The Due Process Clause of the Fourteenth Amendment requires that once a defendant makes an appearance, that defendant is entitled to notice of the trial setting. See, e.g., LBL Oil Co., 777 S.W.2d at 390-91 (citing Peralta, 485 U.S. at 86-87, 108 S.Ct. 896); Lopez, 757 S.W.2d at 722. Here, both the trial court and court of appeals found that Mabon had no notice of the trial setting or the default judgment. 287 S.W.3d at 221. Because Mabon proved that (1) it had no notice of the trial setting or the default judgment within an adequate time to pursue alternative legal remedies, and (2) the lack of notice was not because of its own fault or negligence, the first two traditional bill-of-review requirements — that Mabon show proof of a meritorious defense to the underlying cause of action, which it was prevented from making by fraud, accident, or wrongful act of the opposing party or by official mistake — are rendered unnecessary, and the final traditional requirement — lack of negligence — is conclusively established. See, e.g., Peralta, 485 U.S. at 84-85, 108 *814S.Ct. 896; Caldwell II, 154 S.W.3d at 97; Lopez, 757 S.W.2d at 723. Finally, to the extent that it conflicts with this opinion, we expressly disapprove of the appellate court’s decision in Abovr-Tmbi v.
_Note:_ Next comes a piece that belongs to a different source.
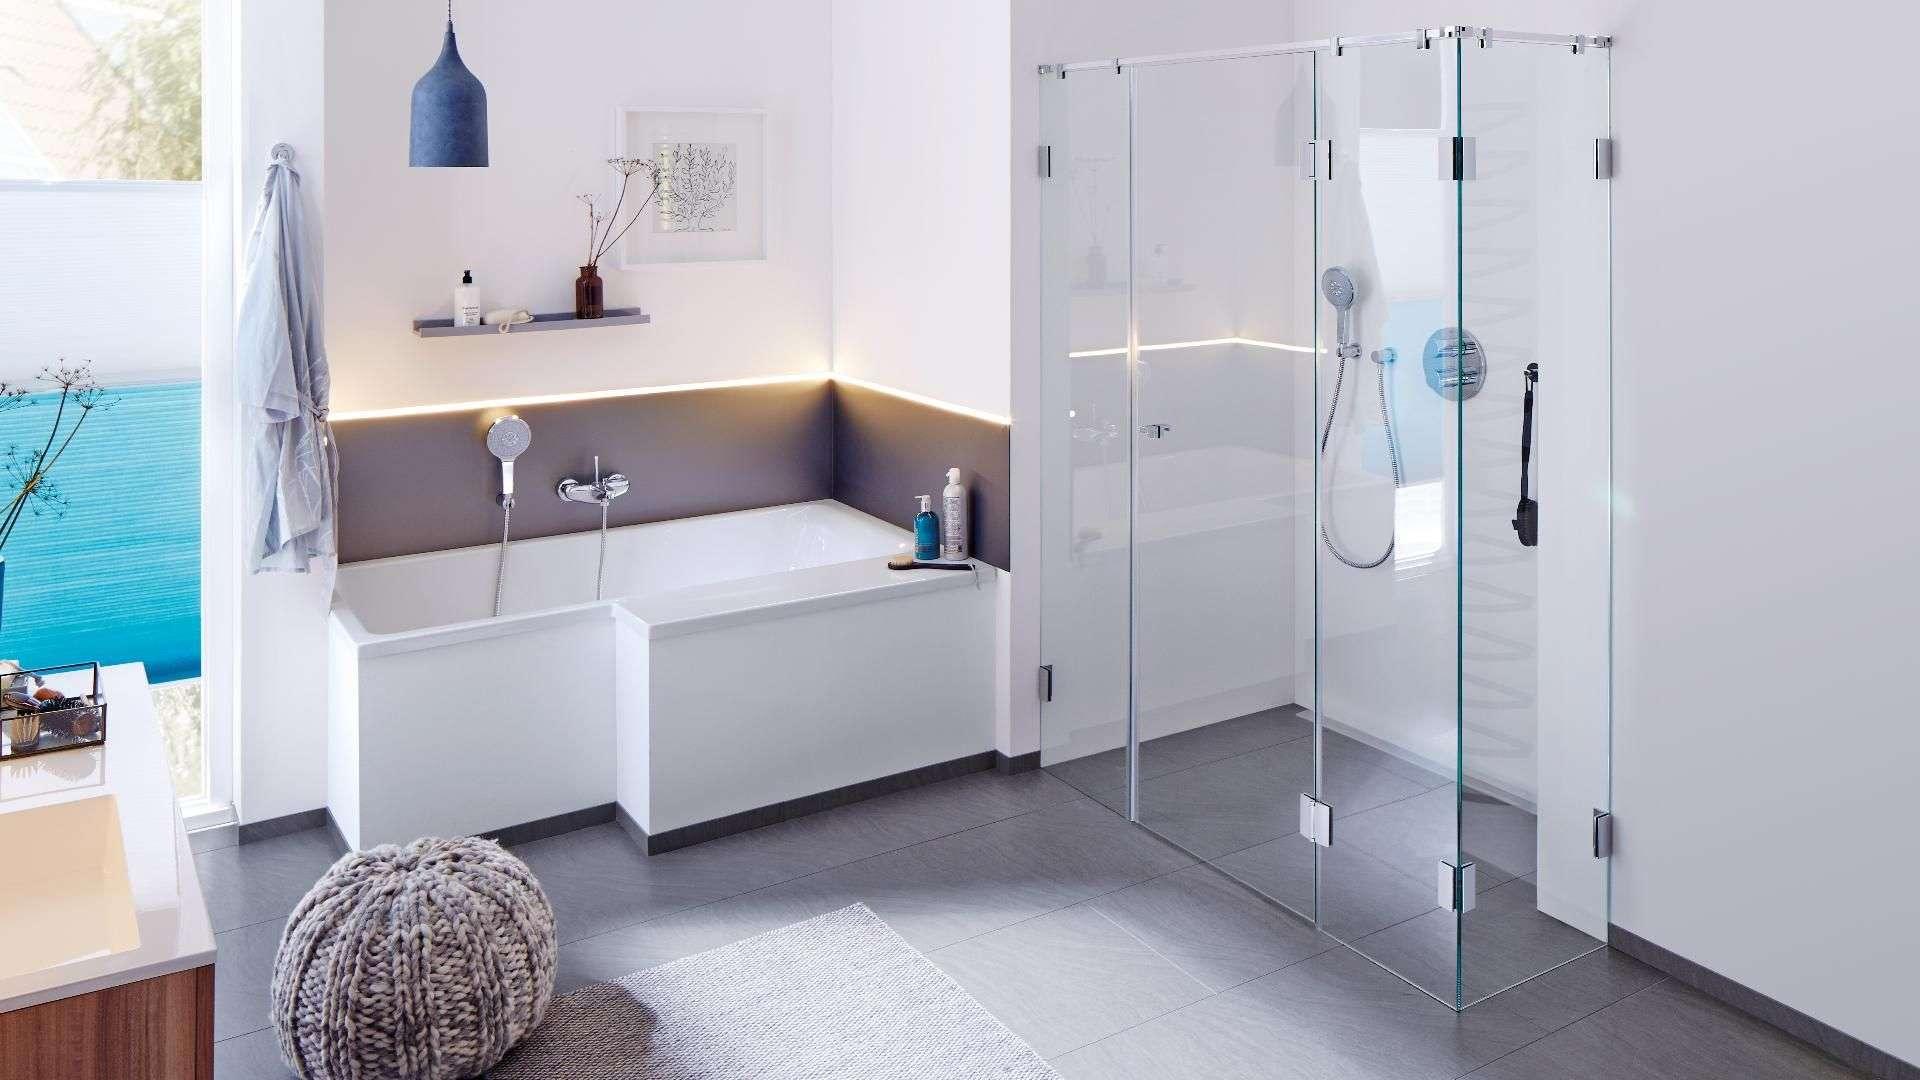 modernes Badezimmer mit Badewanne und Dusche mit Glaswänden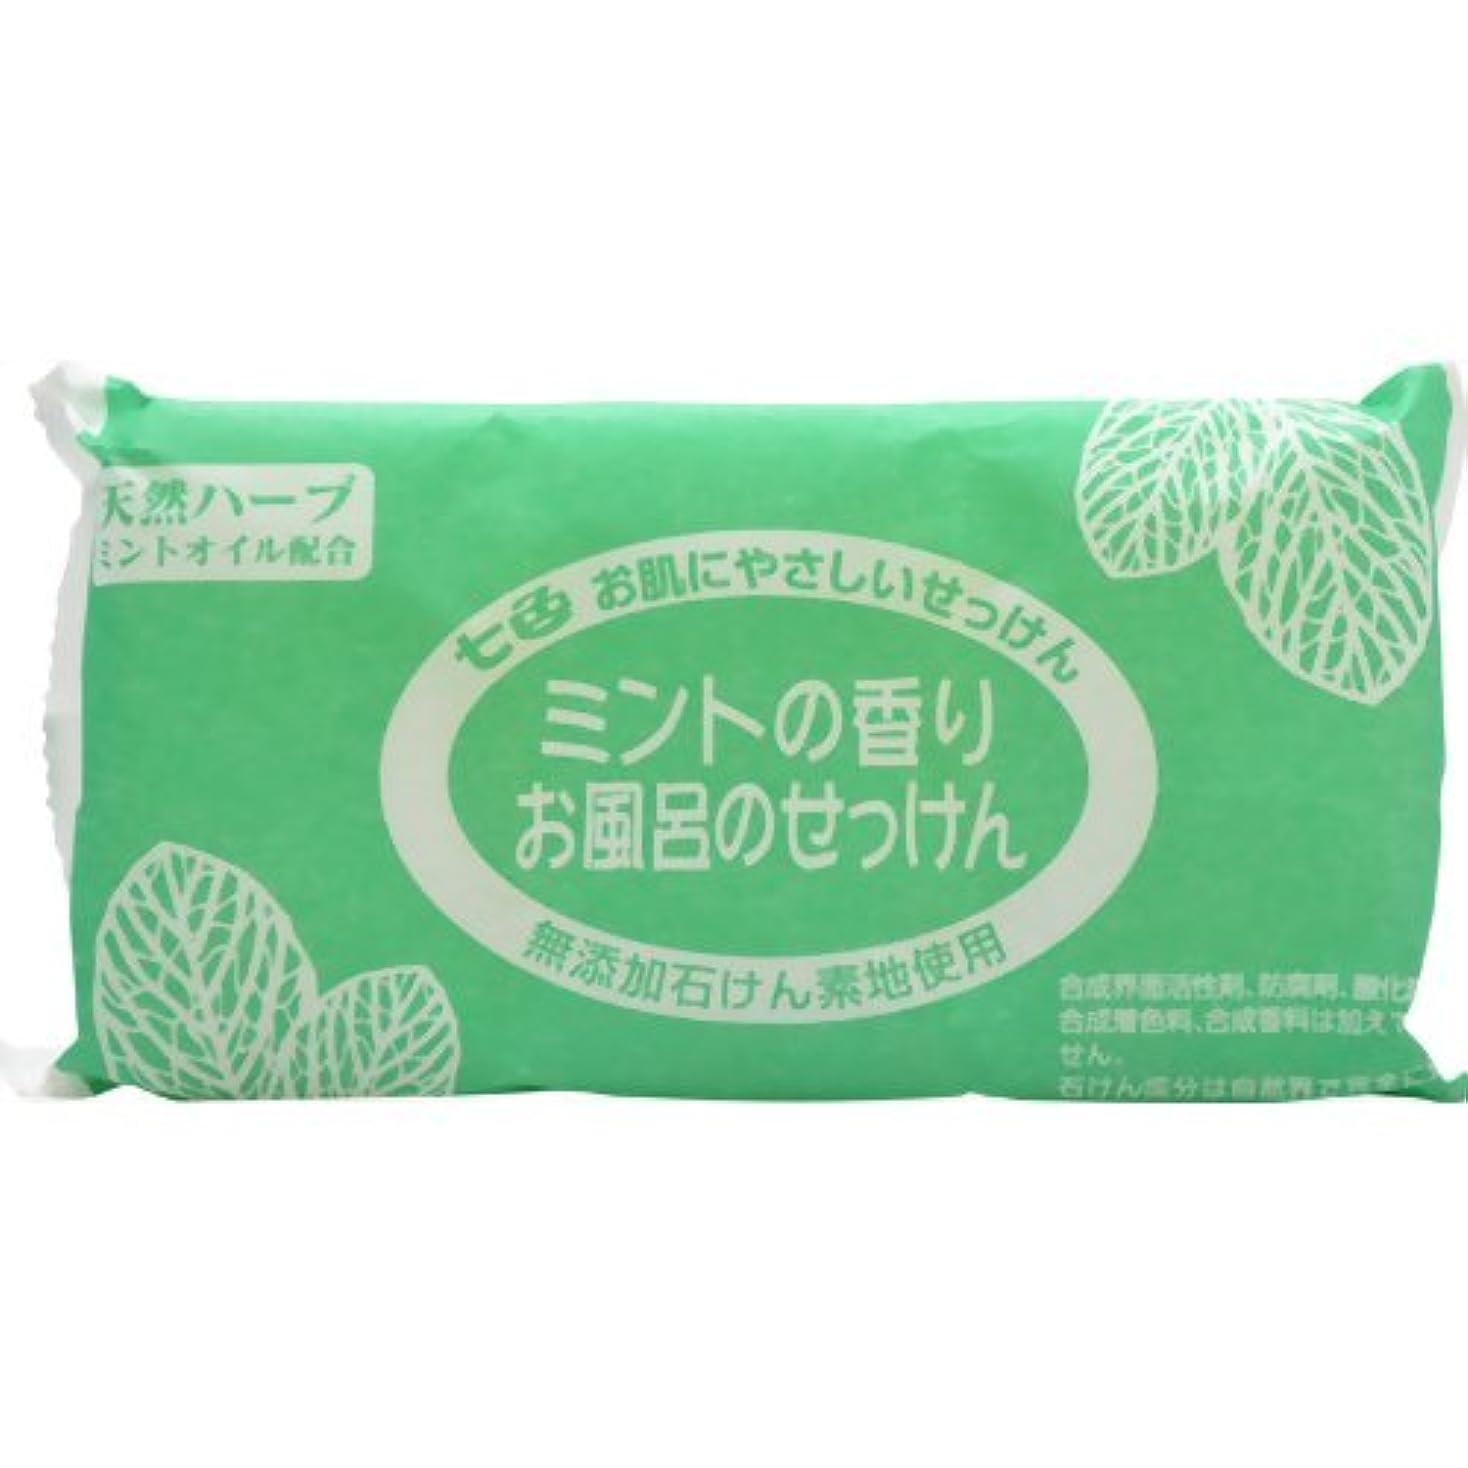 多年生中に虫を数える七色 お風呂のせっけん ミントの香り(無添加石鹸) 100g×3個入

Best Industrial Uniform Supply, Inc., No. 14-02-01000-CV, 2003 WL 22252876, at *3 (Tex.App.-Houston [14th Dist.] Oct. 2, 2003, no pet.) (mem.op.).
Accordingly, without hearing oral argument, we grant Mahon’s petition for review, reverse the court of appeals’ judgment, and reinstate the judgment of the trial court. See Tex.R.App. P. 59.1.
Justice GUZMAN did not participate in the decision.